The findings support the efficacy of rituximab in NMOSD, but also highlight the need for further studies to determine the treatment’s optimal dosing in this patient population, the researchers noted.
The study, “Long-term efficacy and safety of rituximab in the treatment of neuromyelitis Optica Spectrum disorder,” was published in the Multiple Sclerosis Journal – Experimental, Translational and Clinical.
NMOSD occurs when the immune system mistakenly attacks healthy cells of the central nervous system, which consists of the brain and spinal cord. This leads to damaging inflammation in the spinal cord and optic nerves, which relay signals between the eyes and the brain. Left untreated, the inflammation can make symptoms suddenly worsen, or relapse. Each relapse causes new damage that accumulates over time, sometimes leading to paralysis and vision loss.
Cancer treatment being studied in NMOSD
Most NMOSD cases are associated with self-reactive antibodies against AQP4, a protein found at the surface of neuron-supporting cells.
Rituximab (sold as Rituxan, among others) is an antibody-based therapy developed for certain blood cancers that works by promoting the death of antibody-producing immune B-cells. Given as an into-the-vein, or intravenous, infusion, it is commonly used off label in NMOSD. Data from small studies have supported its ability to prevent relapses, even in racially diverse populations, and ease disability in NMOSD.
However, data from large, controlled clinical trials are lacking, and the optimal dosing of rituximab in NMOSD remains unclear.

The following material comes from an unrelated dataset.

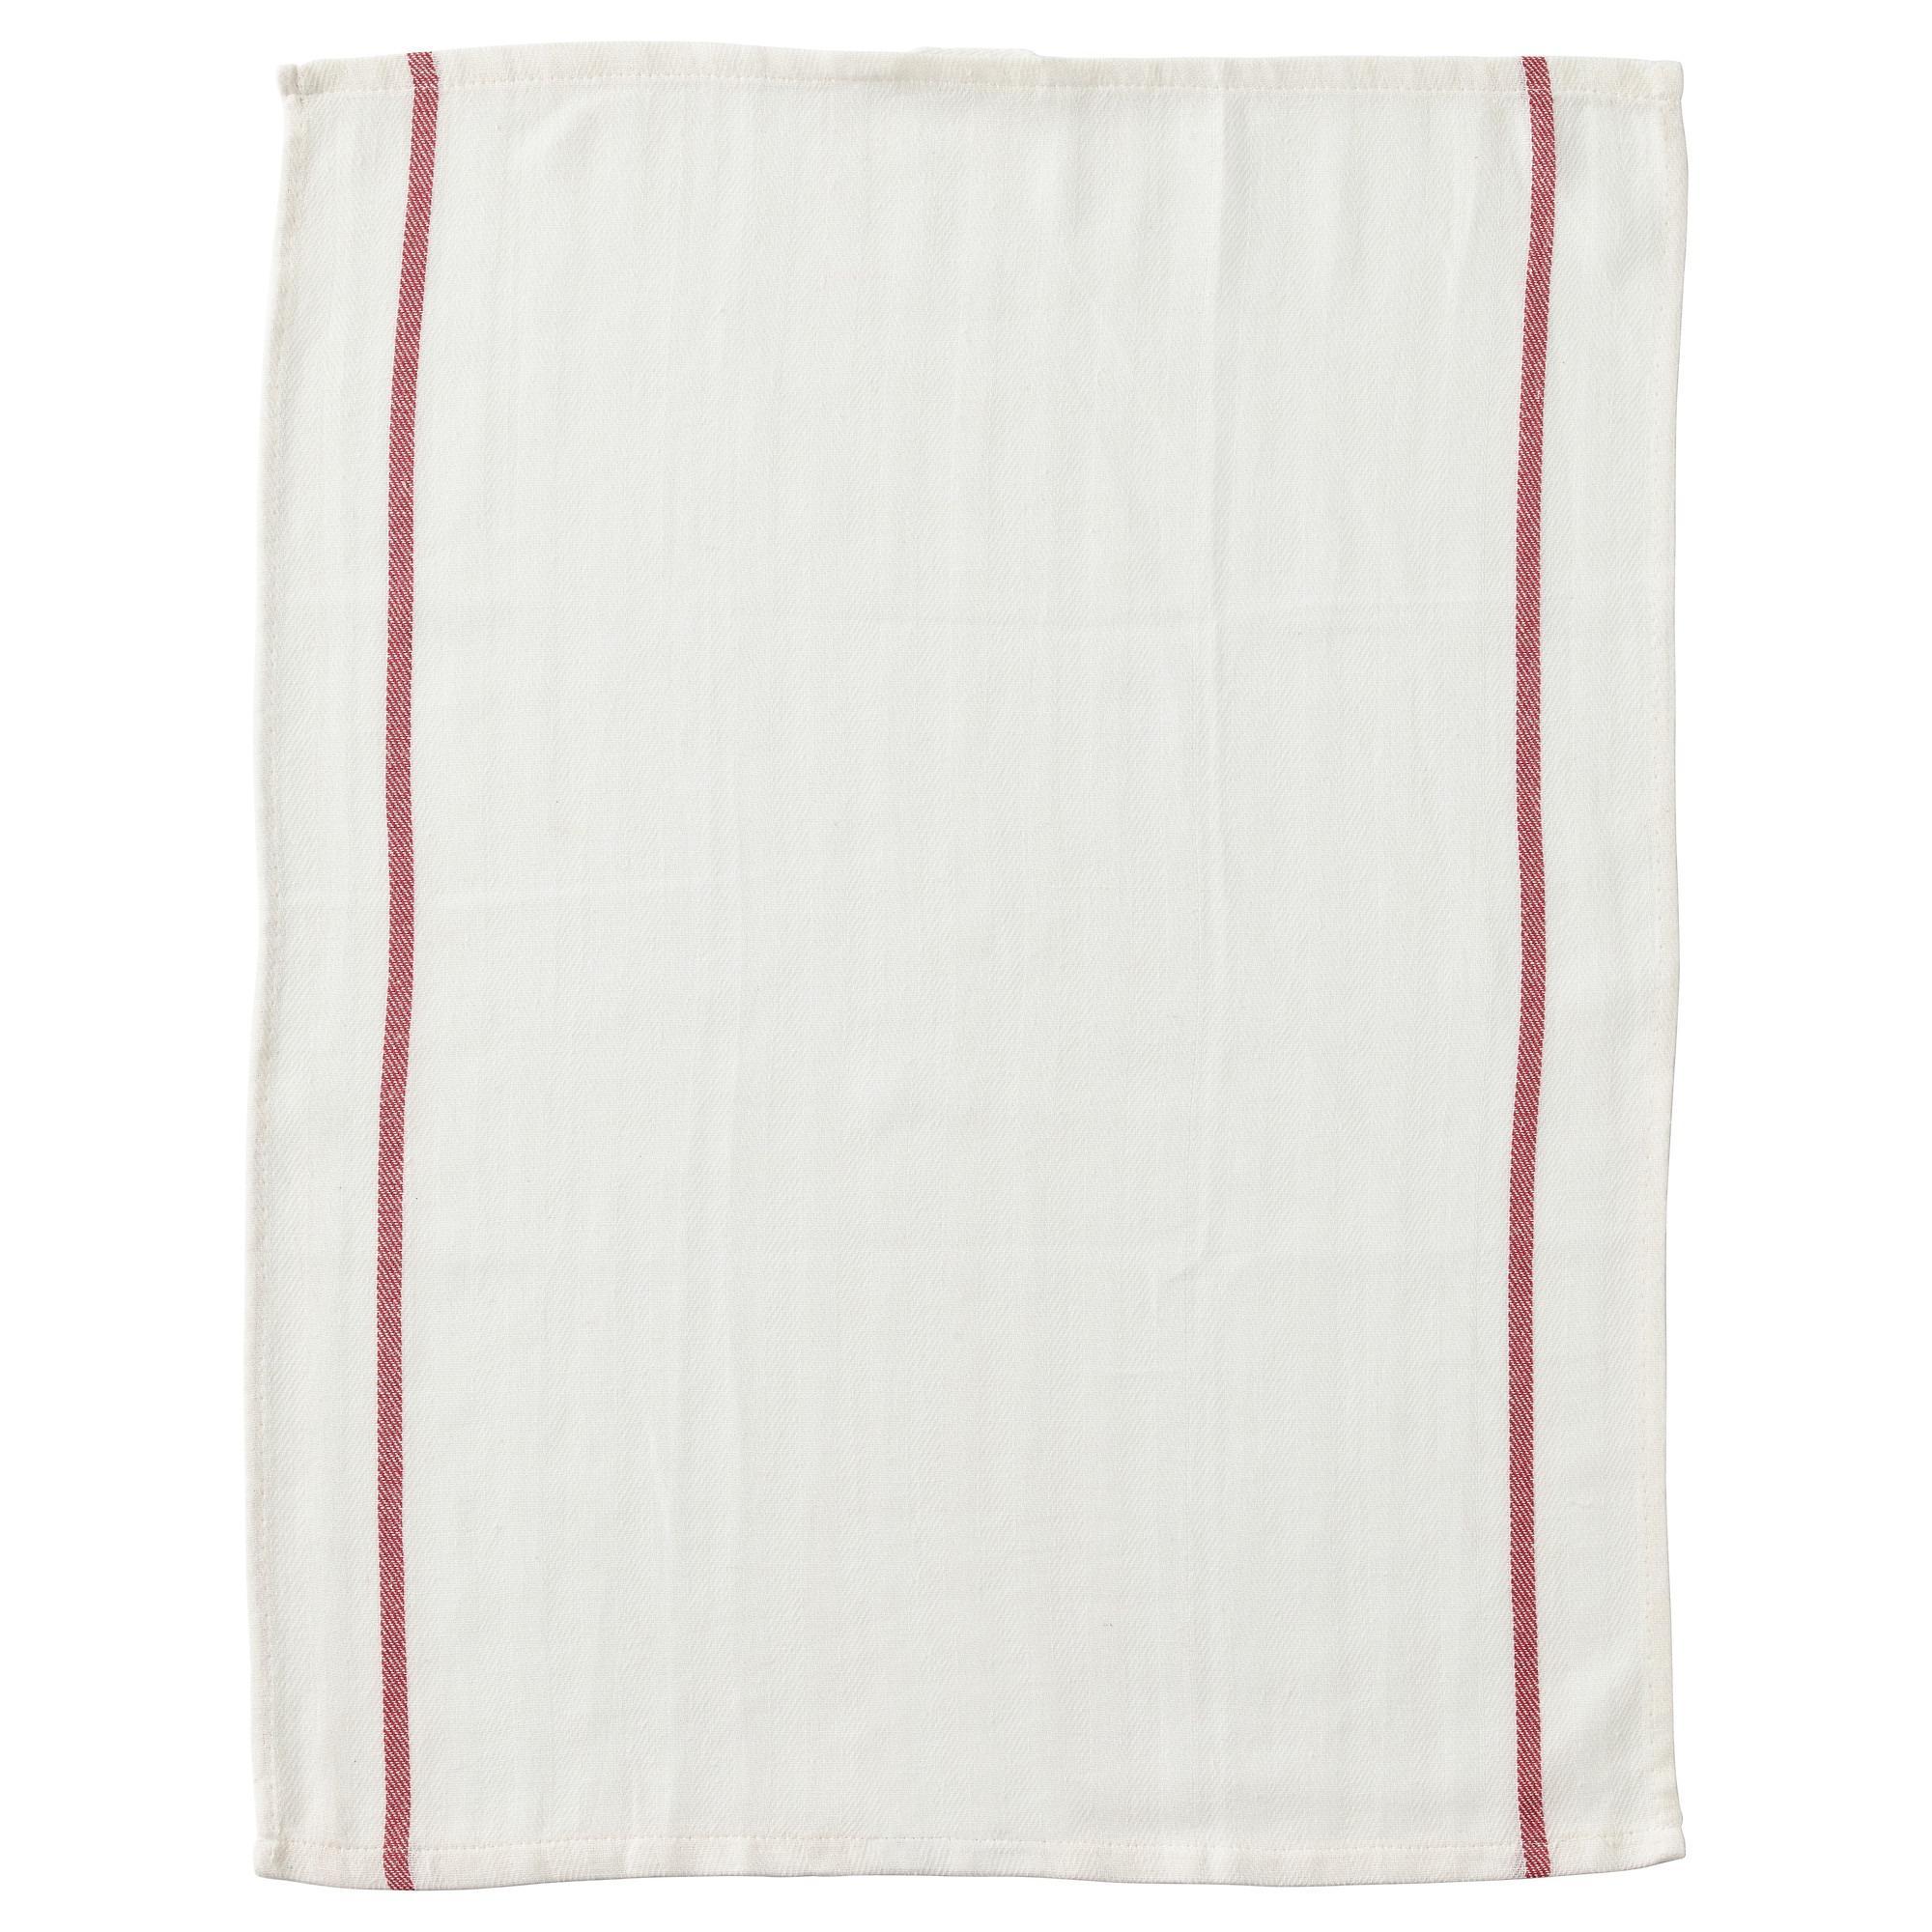 Cek Harga Baru Ikea Tekla Kain Lap Dapur 100 Katun Putih Merah Garis

Initially, rituximab regimens for NMOSD were based on the doses used for blood cancers, usually an initial dose of 1,000 mg infused twice, two weeks apart, followed by 1,000 mg maintenance doses. But an increasing number of studies have reported rituximab’s efficacy in NMOSD with lower doses.

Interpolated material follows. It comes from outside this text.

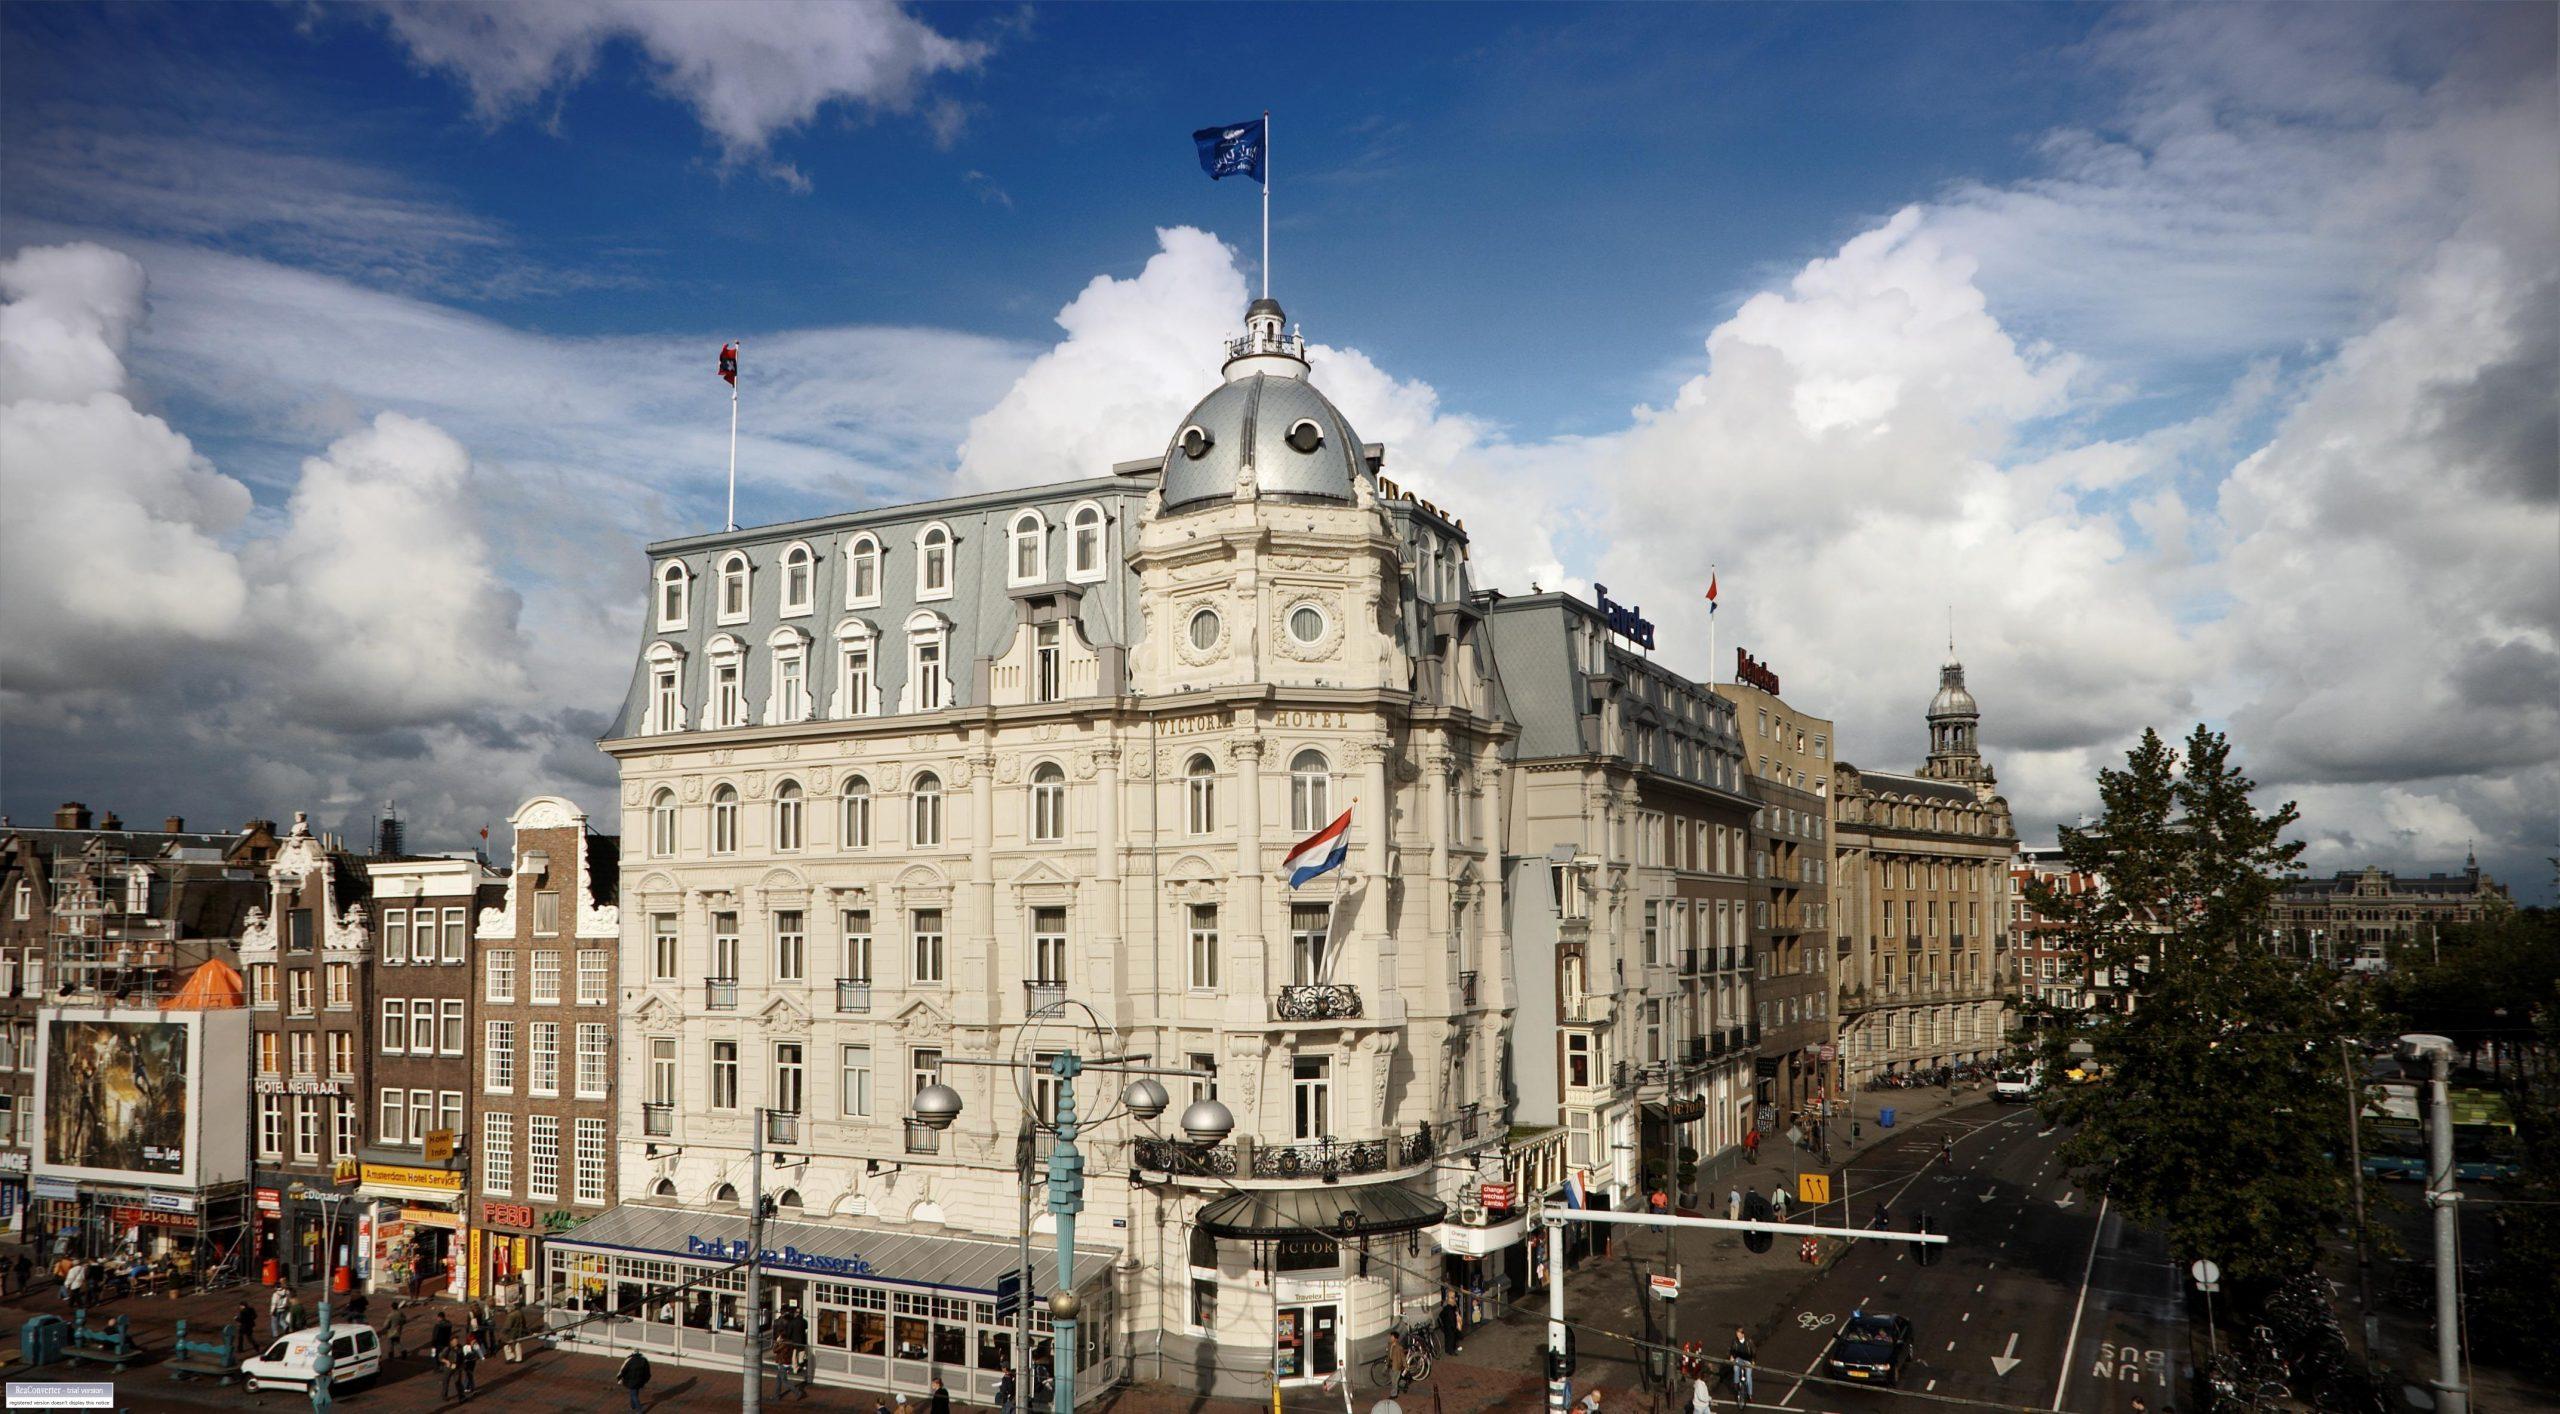 Park Plaza Victoria Hotel

To evaluate rituximab’s long-term safety and efficacy in NMOSD, a team of researchers retrospectively analyzed pharmacy dispensing and clinical records of NMOSD patients treated with rituximab at two major hospitals in Brisbane, Australia, from January 2005 to July 2021.
The analysis covered 37 patients, 86% of them women, with a mean age of 42 at rituximab start. Most (73%) were positive for anti-AQP4 antibodies, while the remaining 10 patients were AQP4-negative.
Rituximab was the first disease-modifying therapy for most patients. The most common treatment regimen was an initial 1,000 mg dose, given as two 500 mg infusions two weeks apart, followed by single doses at 500 mg.
AQP4-positive patients were followed for a median of about 4.5 years, and those without such antibodies for a little over three years. During follow-up, 23 patients (62%) required routine redosing of rituximab. AQP4-positive patients received a median of 10 rituximab infusions, and AQP4-negative patients a median of six.
Following rituximab treatment, 12 AQP4-positive patients (44%) experienced a total of 15 relapses, and four AQP4-negative patients (40%) experienced a total of 11 relapses. Most relapses occurred after six months of starting the treatment, and within six months of the last rituximab dose.
In both groups, 27% of the relapses were reported along with B-cell reconstitution, at a median of about nine months after the last rituximab dose.
Milder relapses
Also in both groups, 69% of relapses after rituximab were mild, compared with 18% before treatment. No patient experienced a severe relapse after rituximab, whereas 16% had experienced them before treatment.
Among AQP4-positive patients, the annualized relapse rate (ARR), a measure of the number of relapses adjusted to a one-year time window, dropped significantly after rituximab treatment, from 0.38 to 0.1.
While the AQP4-negative group also experienced a reduction in the ARR with rituximab, the difference was not statistically significant.
Rituximab was also associated with significantly less disability, as shown by a drop in the median Modified Rankin Scores (mRS) scores from 2 to 1 at last follow-up. The mRS assesses a person’s disability, with higher scores indicating worse disability.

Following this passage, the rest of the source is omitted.